Synagogue member who reads from the Sefer Torah

A baal keriah (בַּעַל קְרִיאָה), colloquially called the baal korei (baʿal qôrē 'master-reader'), is a member of a Jewish congregation who reads from the Torah scroll during the service. As there are no niqqud, punctuation, or cantillation marks (called trop in Yiddish) in a Sefer Torah, and these are required features of the reading, the baal keriah must memorize them beforehand.

== Arrangement ==
When the Torah scroll is placed on the bimah, or reading table, the baal keriah approaches the bimah by the most direct route possible and stands in front of the scroll, a little to the left. If necessary, the scroll is rolled to the portion to be read and then closed and covered with the mantle. To the left side of the scroll stands the gabbai, who calls up congregants to honor them with an aliyah. To the right of the scroll stands the second gabbai, the gabbai sheni.

== Before each aliyah ==
When called up by the first gabbai, the oleh comes by the most direct route possible and stands to the right of the baal keriah. A gabbai uncovers the scroll and the baal keriah indicates to the oleh which section will be read. In some communities, he only shows the beginning; in others, he points to the beginning and the end. The oleh then touches the corner of his tallit or some other holy piece of cloth, like the belt of the Torah scroll, or for scrolls with hard cases, the kerchief used to roll the scroll, to the indicated section and kisses it.

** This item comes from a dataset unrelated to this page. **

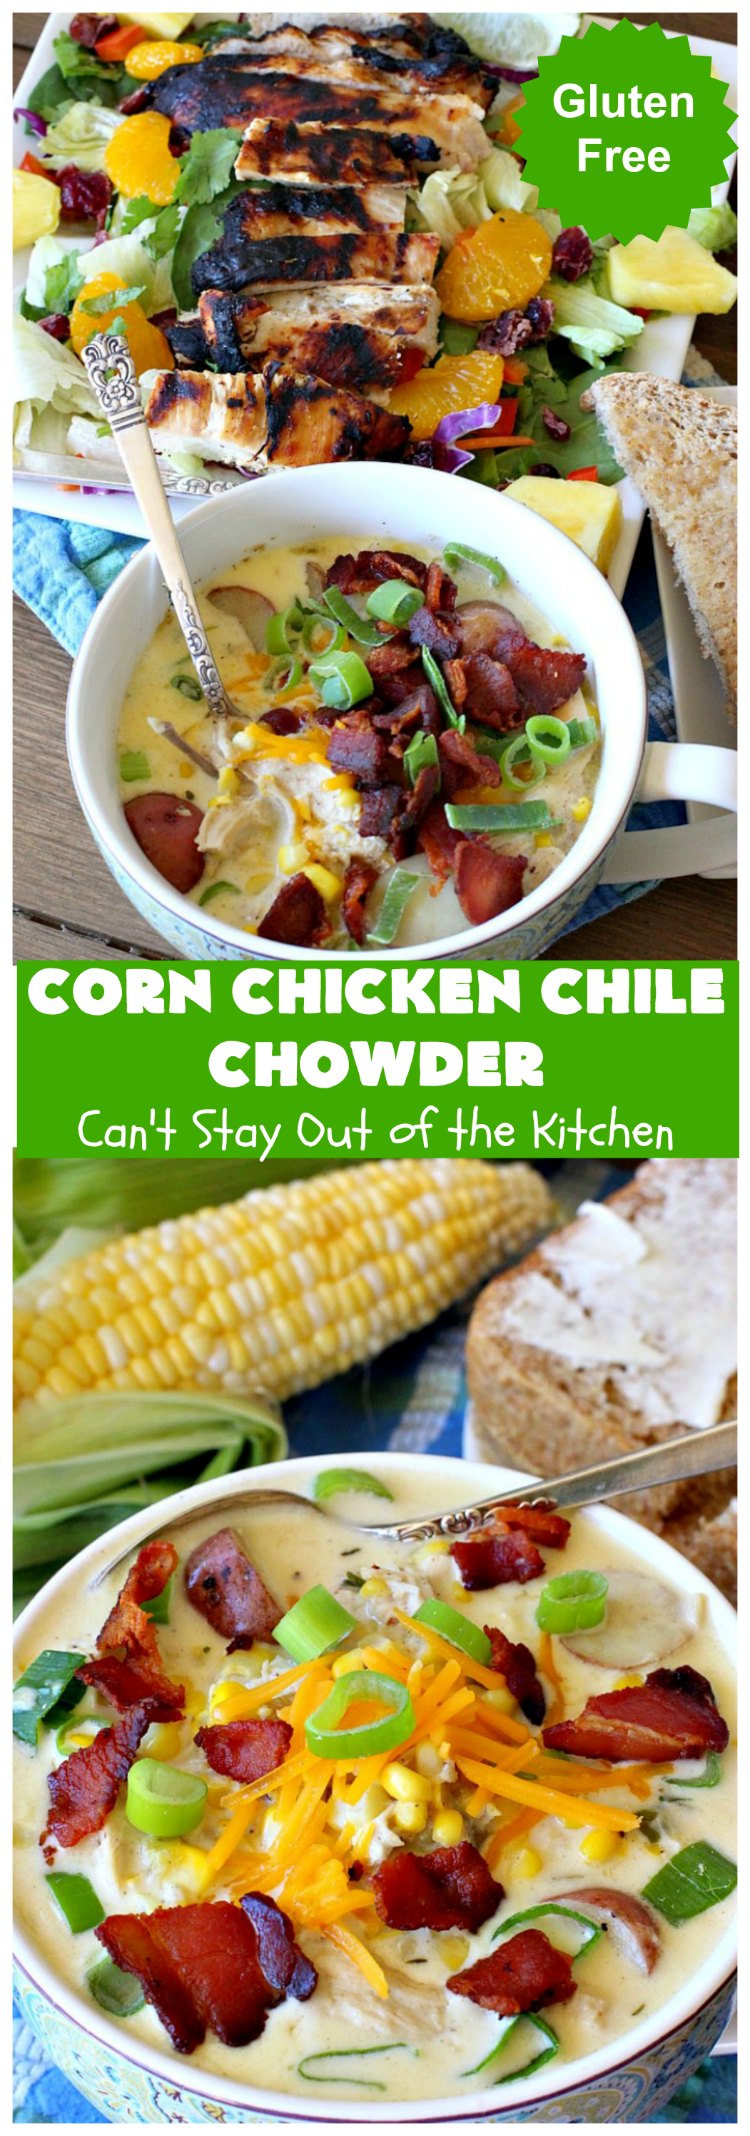 Corn Chicken Chile Chowder | Can't Stay Out of the Kitchen | this fantastic #TexMex #soup is hearty, satisfying & so filling. It's filled with Southwestern flavors that give it zest, but it's not overpowering. #corn #chicken #chowder #GreenChilies #CornChowder #GlutenFree #CornChickenChileChowder

He then rolls the scroll closed, holding on the right and left rollers (or sides of the case), turns slightly to the right and recites the blessings over the reading. The congregation answers "amen," the scroll is unrolled again, and then the baal keriah chants the section, holding onto the left roller and pointing, usually with a specially-made ornate pointer called a yad in his right.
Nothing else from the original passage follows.